Donna’s Copyfight post over the weekend raises a question that Charlie Nesson has posted to the Pho list: can artists just use standard net hacktivist tools to impede infringement of their copyrights without resorting to changes in the structure of the internet? Or have such methods already been outlawed by other efforts? Donna tracks the discussion here: Let the Music Pay III
Update: Derek points out the obvious problem — at what point are we really ready to give anyone the presumptive right to undertake a DoS? See Raise Your Hand If You Think DoS Attacks Are Good
Jenny Levine unhappily defends OCLC’s suit of The Library Hotel in Make Sure You Hear OCLC’s Side of the Story. Earlier coverage is here (A new trademark suit) and here (NYTimes on the Library Hotel/Dewey Lawsuit).
Although Jenny’s cites of the OCLC press release seem to make a good point, Infringing Actions points out (the Blogger link may not get you there) that a search at the PTO site of the trademarks “Dewey” or “Dewey Decimal Classification” show that the registration is for publications – "periodical publication; namely, an index relating to a system of classifying the field of human knowledge," for example. One registration, "promoting public awareness of a library classification system ," may be pertinent to the Library Hotel, but the others are not close.

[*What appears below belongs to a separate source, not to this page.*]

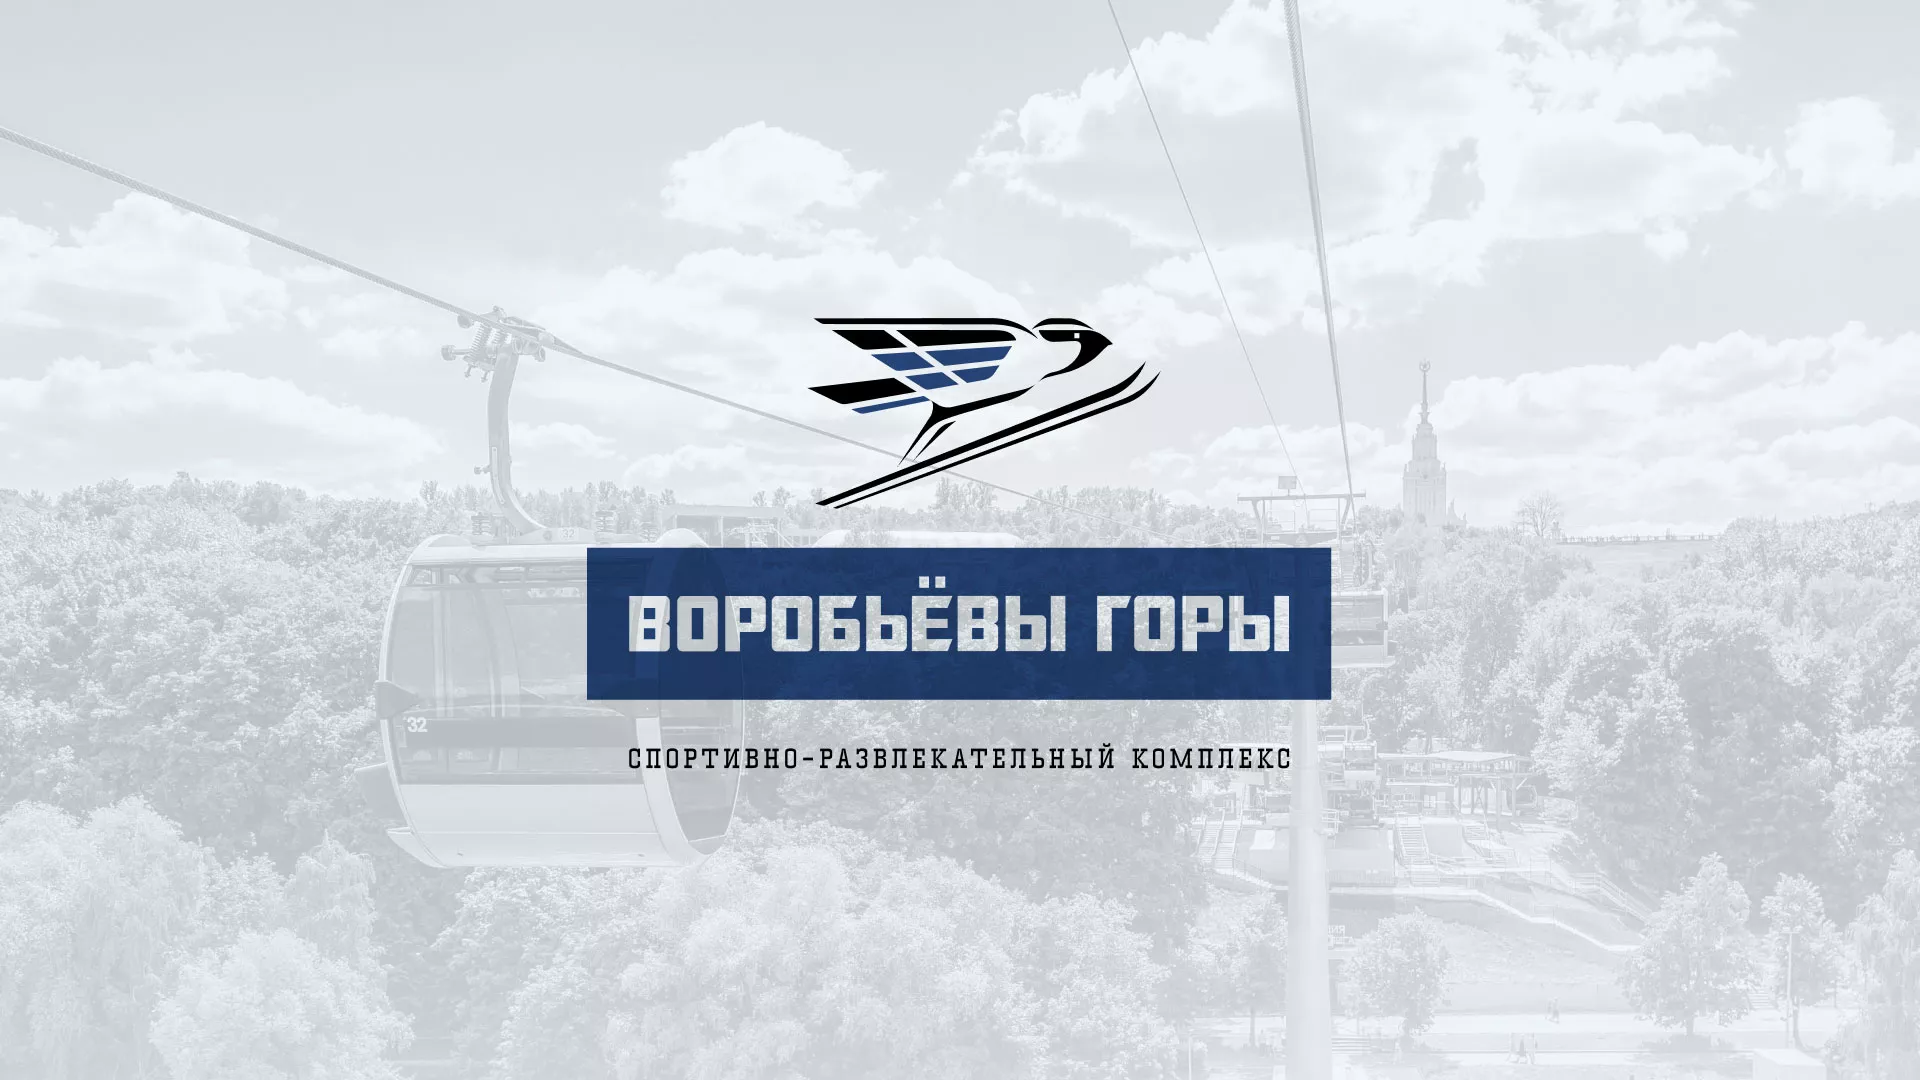 Разработка сайта в Уссурийске для спортивно-развлекательного комплекса «Воробьёвы горы»

Infringing Actions concludes:
But, the OCLC lawsuit does not claim that the Library Hotel has misappropriated the system itself; indeed, while refinements of the Dewey Decimal System are apparently ongoing, the basic system itself has been in existence for more than 100 years. The question appears to be whether, when viewed in the context of hotel services, the references to the DEWEY marks would cause a consumer to believe that the hotel services are somehow sponsored, approved, or sourced by the OCLC. This appears to be a question of fact that may very well preclude a quick resolution of the allegations.
[…] In the end, the Library Hotel may have decided that it made more sense to fight this publicly, enduring the free exposure that news of the lawsuit would bring, than it would have been to settle it quietly by taking a license.
Yes, it may be that the OCLC has to defend the trademark, but I think it’s easy to see that there might be very good reasons why the hotel’s management elected to let the dispute end up in a courtroom.
A small strike back at the firing of Daniel E. Geer, the @Stake employee whose report was contrary to company interests — a link to the report in question in PDF form: CyberInsecurity: The Cost of Monopoly — How the Dominance of Microsoft’s Products Poses a Risk to Security [via BoingBoing]
The title is suggestive, but the posting is incomplete: Guarding Privacy vs. Enforcing Copyrights [pdf]. I’ll have to look at the dead tree version to see what’s missing.
The issues came into sharp focus recently in two data firestorms. In one, Internet denizens expressed outrage over the lawsuits the recording industry filed against 261 people accused of being large-scale swappers of pirated music. At the same time, equally fierce outrage met news that JetBlue Airways had handed over customer records to a military contractor for a test program to blend the data with personal financial information from another company to spot likely terrorists.